Hoi hoi  Ik ben op zoek naar een nederlands term voor een reclame voor de Belgse markt. Het gaat over een foto van een vis die uit een kleine bol naar een grotere bol springt. In her Frans hebben ze "passer dans une autre dimension" gebruikt (overgaan naar een nieuwe dimensie?) maar ik vindt het een beetje stom in NLD.  Ik denk echter aan  iets van "think bigger" of "towards a bigger world" of zoiets maar vind het moeilijk deze in het Nederlands te zeggen.  Heet iemand een idee?


----------



## bibibiben

Je kunt gewoon 'denk groter' gebruiken ter vertaling van 'think bigger'. Geen enkel probleem. Misschien wel een beetje saai.

Andere mogelijkheden:
– Zie het ruimer.
– Denk voorbij de grenzen.
– Denk eens buiten de kaders.

Op Google zie ik zelfs een aantal hits voor 'denk buiten de kom'. Ik zou het zelf nooit zo zeggen, maar wellicht is het wel bruikbaar als reclameleus?
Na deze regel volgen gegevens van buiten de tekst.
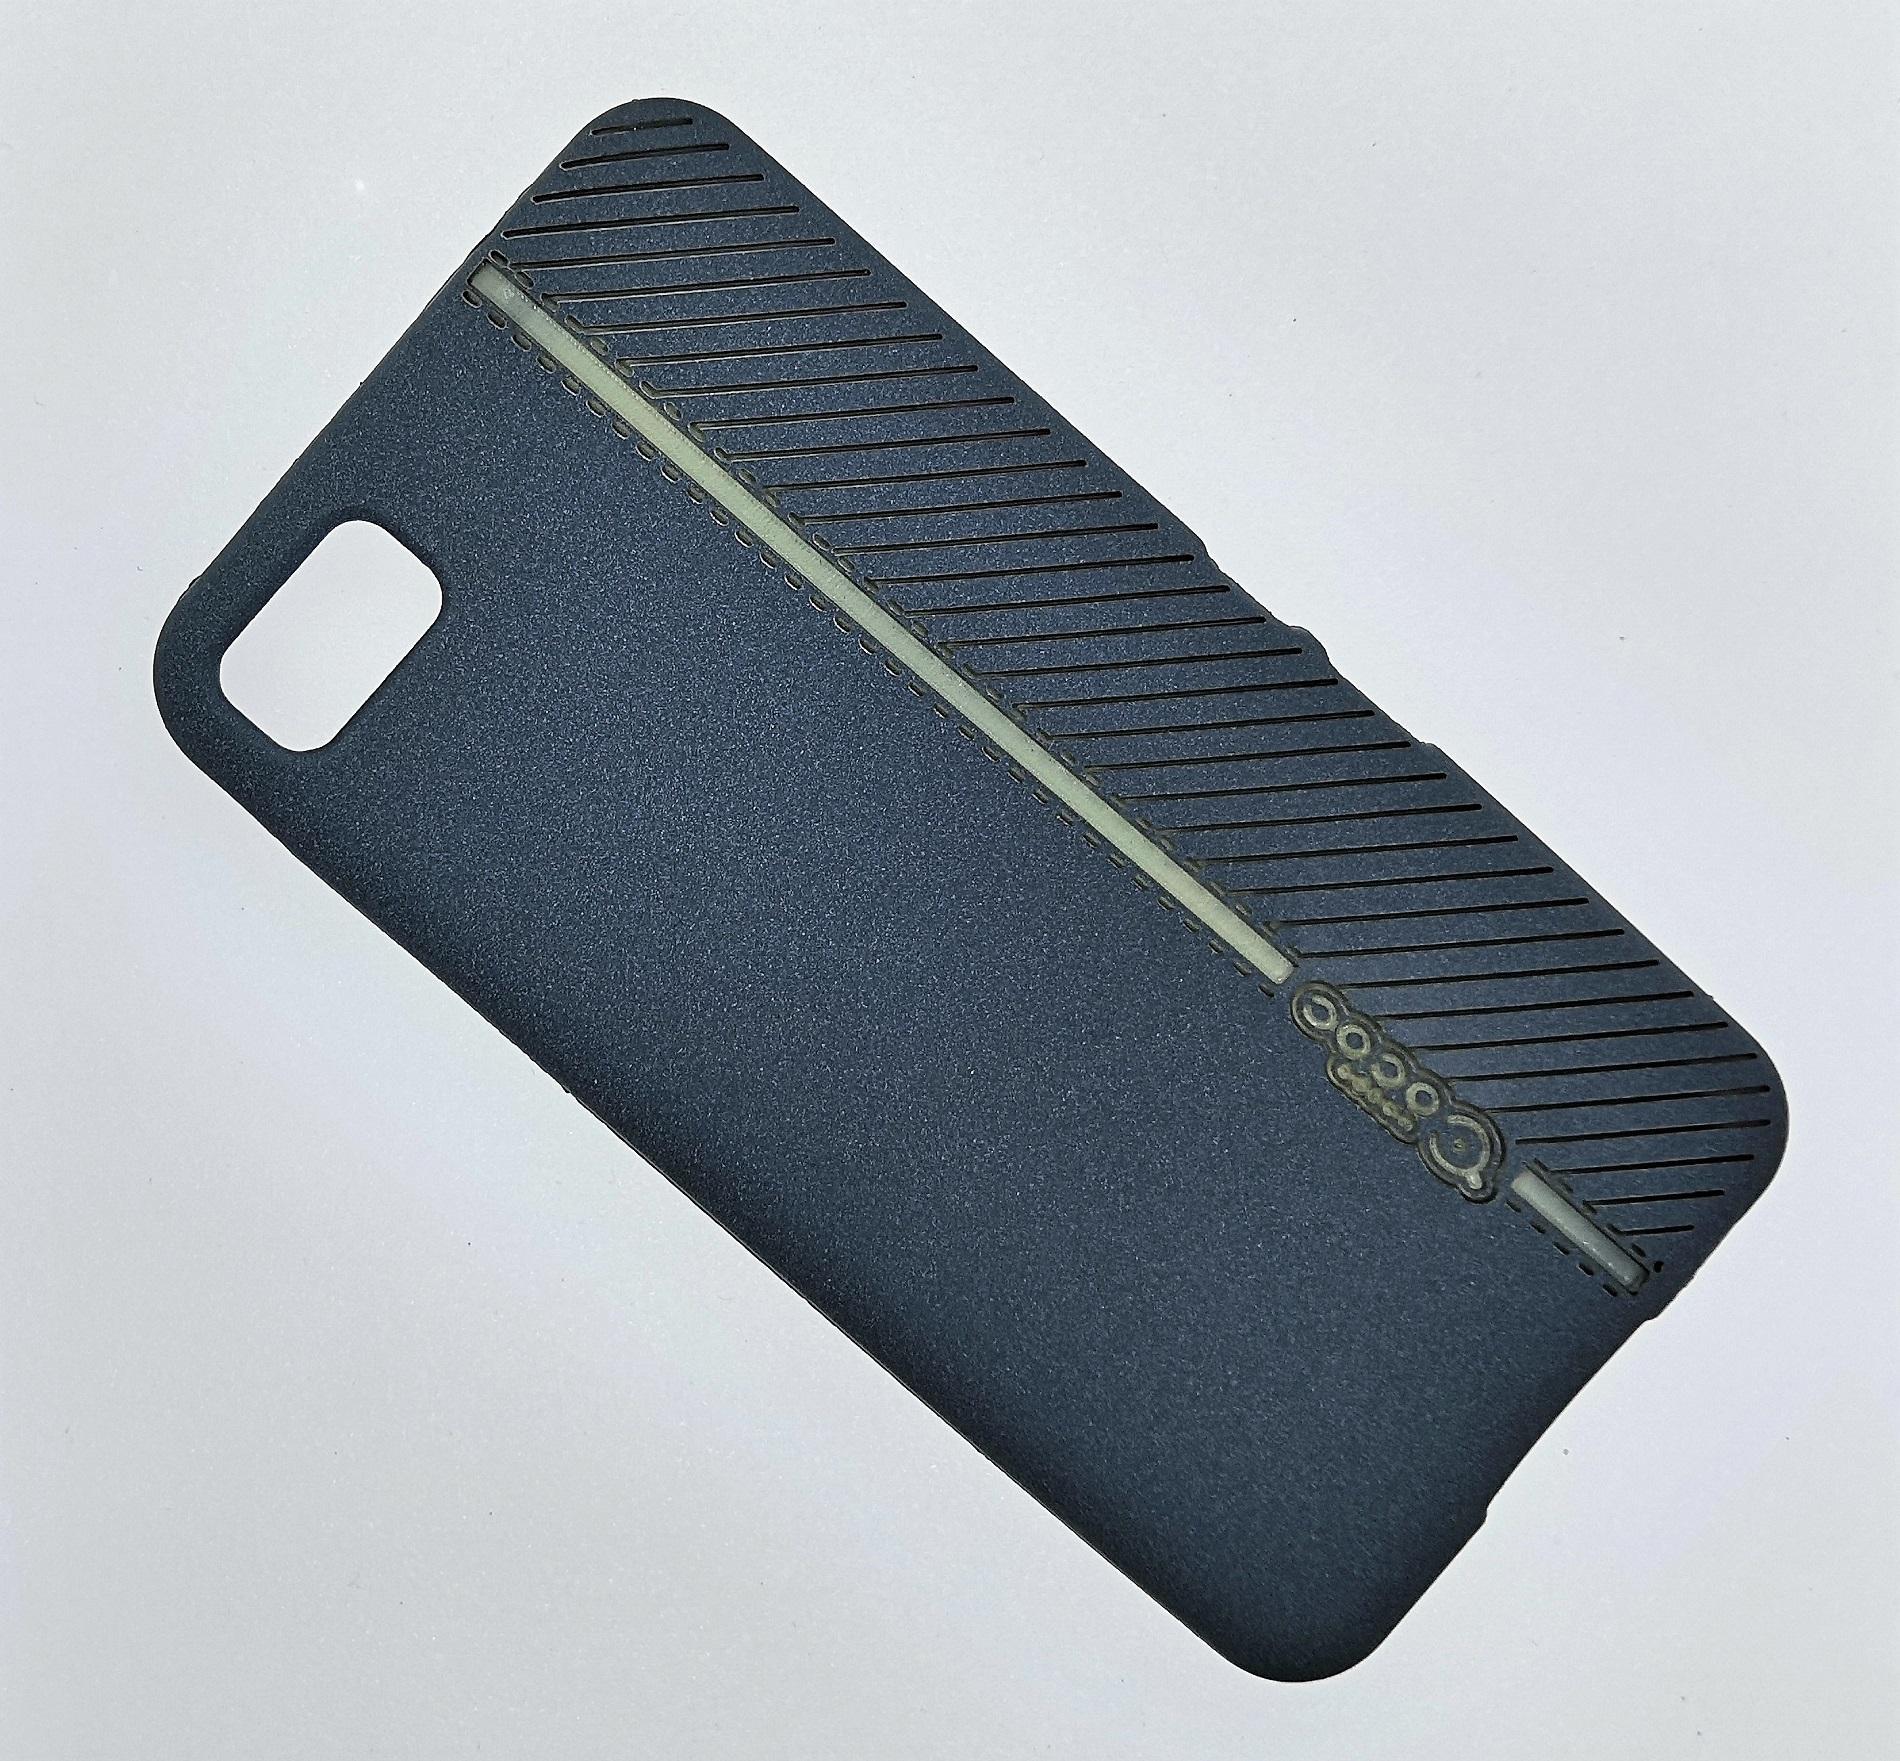 BlackBerry Z10 COCOC Slim Leather Case - Leather Case

Een reclameleus mag immers best opvallen met apart taalgebruik, denk ik zo.


----------



## pickarooney

Dankjewel. Zegt men soms 'denk buiten de doos' als directe vertaling van het overgebruikte 'think outside the box'?


----------



## bibibiben

Nee, 'buiten de doos denken' heb ik nog nooit gehoord. Wel komt de onvertaalde variant voor: '_outside the box_ denken'. Overigens zeggen nogal veel Nederlandstaligen eerder '_out of the box_ denken'. Dat zal een Engelstalige vast curieus in de oren klinken.


----------



## pickarooney

Inderdaad, want het heeft precies de tegengestelde betekenis!


----------



## bibibiben

Ja, heel grappig hoe een verbastering precies het tegenovergestelde uitdrukt! Ik heb altijd moeite om een glimlach te onderdrukken als ik het iemand hoor zeggen.


----------